Review: Family strife feels strained in 'Lyons'

Sept. 03--Mordant family dysfunction fuels this 2011 work from Nicky Silver, featuring a patriarch dying of cancer, a matriarch more interested in redecorating the living room than her spouse's terminal condition, and two adult children who lay the blame for their myriad problems at the feet of their parents. No one is likable; everyone is awful -- let the recriminations and punchlines fly.

And yet this staging from director Derek Bertelsen for Aston Rep never quite nails the play's style. It is forever in search of the right rhythm and this is key, because the dialogue is meant to be so blunt and so dark that it's inherently comic.

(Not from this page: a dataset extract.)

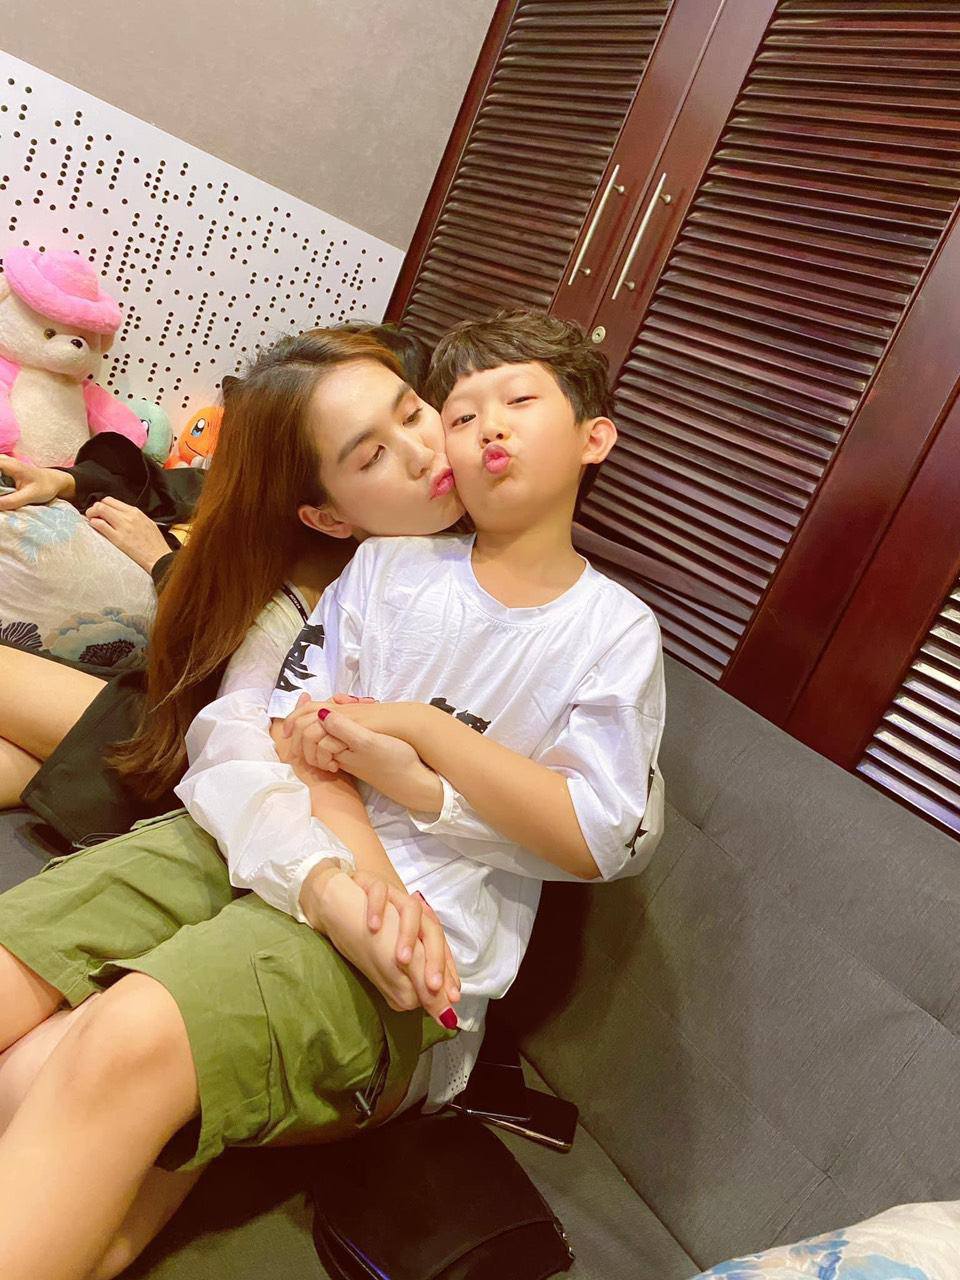 Ngọc Trinh là một trong những người mẫu nổi tiếng và được yêu thích tại Việt Nam. Hình ảnh cô nàng hôn chạm môi đang được lan truyền trên mạng xã hội, khiến cộng đồng fan vô cùng thích thú và đón xem.

But if the rhythm never comes together -- if the beats are off -- it plays too flippant, like a sitcom straining for laughs that never come.

There are a handful of moments that work here: When Aja Wiltshire's recovering alcoholic falls off the wagon and finds a bit of inner backbone, the shifting power dynamics between two strangers played by Drew Wieland and Matthew Harris, and a final speech wherein Susan Fay's character informs her children in no uncertain terms that it is time to grow up.

At the play's core is an undercurrent of deep, unresolved loneliness and the strange, often desperate measures we take to escape it. Not enough of that comes through.

REVIEW: "The Lyons" by Aston Rep

2 STARS

Through Sept. 27 at the Raven Theater, 6157 N. Clark St; $20 at 773-828-9129 or astonrep.com.